In Figure 15, the acceleration amplification ratios of the SV waves were larger than those of the P waves for each material. The ratios gradually decreased as the materials in the slope varied from soft to hard; that is, the soft materials intensified the amplification whereas the hard materials alleviated the amplification in the slope topography. In addition, the maximum acceleration amplification ratios were acquired when the incident angles fluctuated between 10° and 25° under SV waves incidence and fell between 0° and 10° under P waves incidence. Consequently, the slope topographies that covered soft materials were more harmful during earthquake events, and the maximum ground motions of slope topographies were usually in a certain direction of oblique incident seismic waves.

The synthetic accelerograms of the horizontal and vertical components of SV waves and P waves with incident angles of 0° and 30°are presented in Figure 16 and Figure 17, respectively.
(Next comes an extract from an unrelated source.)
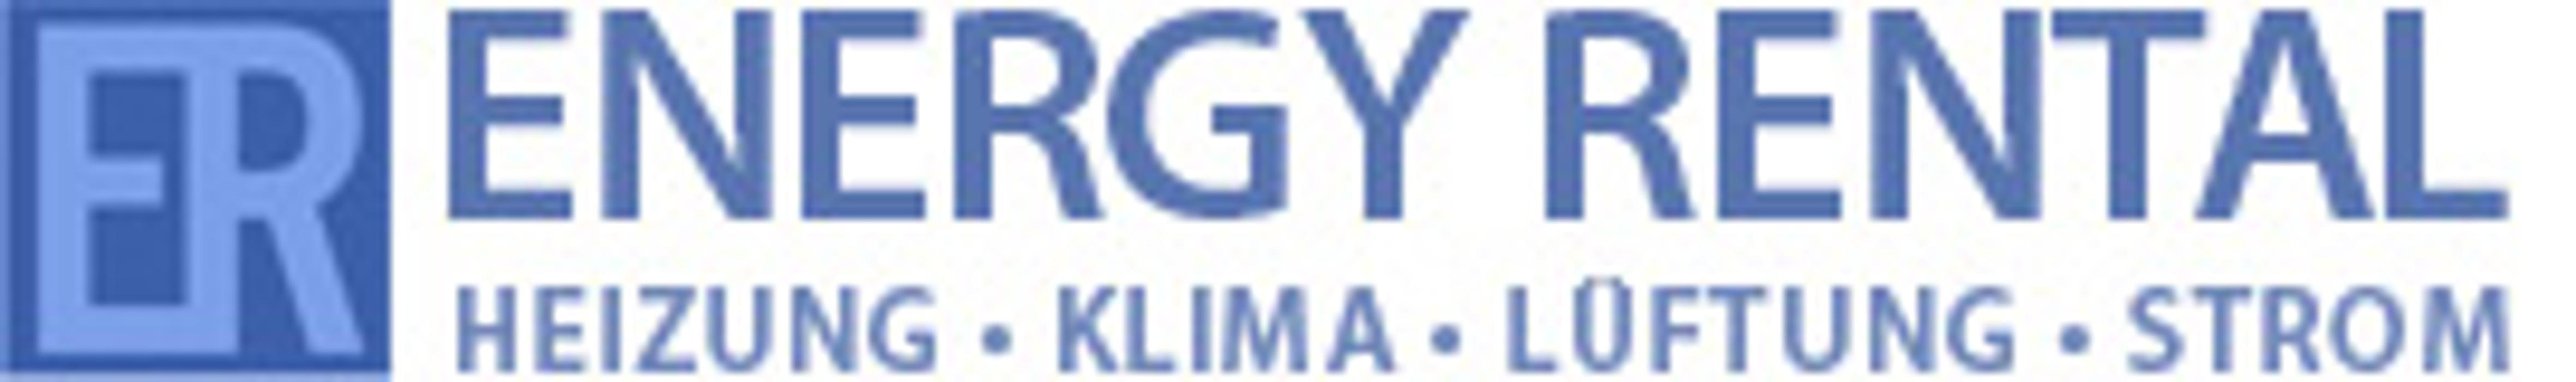 ER Energy Rental

In the figures, “soft-hard” was the abbreviation of “the slope is soft and the foundation is hard”, which corresponded to the situation of “a” in Figure 15; “same” referred to the situation of “b” in Figure 15, and “hard-soft” was marked as the situation of “c” in Figure 15.

As illustrated in the figures, the soft materials led to intense amplification of the ground motions, whereas the hard materials caused de-amplification. The scattered waves under the soft materials were abundant, whereas they were weakened in the hard materials. These evolutions were observed in the horizontal components of the SV waves and the vertical components of the P waves. In addition, compared with the scattered waves at 0° incidence and 30° incidence in Figure 16 and Figure 17, the scattered waves were much more abundant at the oblique incident waves owing to the added refraction effects by the oblique directions of incident waves. In summary, the intense ground motions with soft materials in slope topography could be explained by the abundantly scattered waves, and this phenomenon would aggravate at oblique incident waves.

4.3. Effects of Slope Geometries

According to the analysis of the impacts of wave patterns, the pattern of P waves was weak because of the amplification ratios of the ground motions, whereas that of SV waves was strong. Thus, the effects of the slope geometries were discussed only based on the SV waves rather than the P waves. In addition, the slope geometry changed the wave paths at various directions of wave incidence; thus, the materials of the slope topographies were assumed to be homogenous to eliminate the impacts of non-geometric factors. Consequently, this section, discusses the investigation of the effects of the slope geometries using homogeneous materials under SV incident waves.

4.3.1. Influence of Slope Height H

In this subsection, the slope height varied from 20 m, 50 m, 100 m, to 200 m, whereas the other geometrical parameters (slope widths and slope inclinations) remained the same. The acceleration amplification ratios along the slope surface are illustrated in Figure 18 with varying angles of incident waves.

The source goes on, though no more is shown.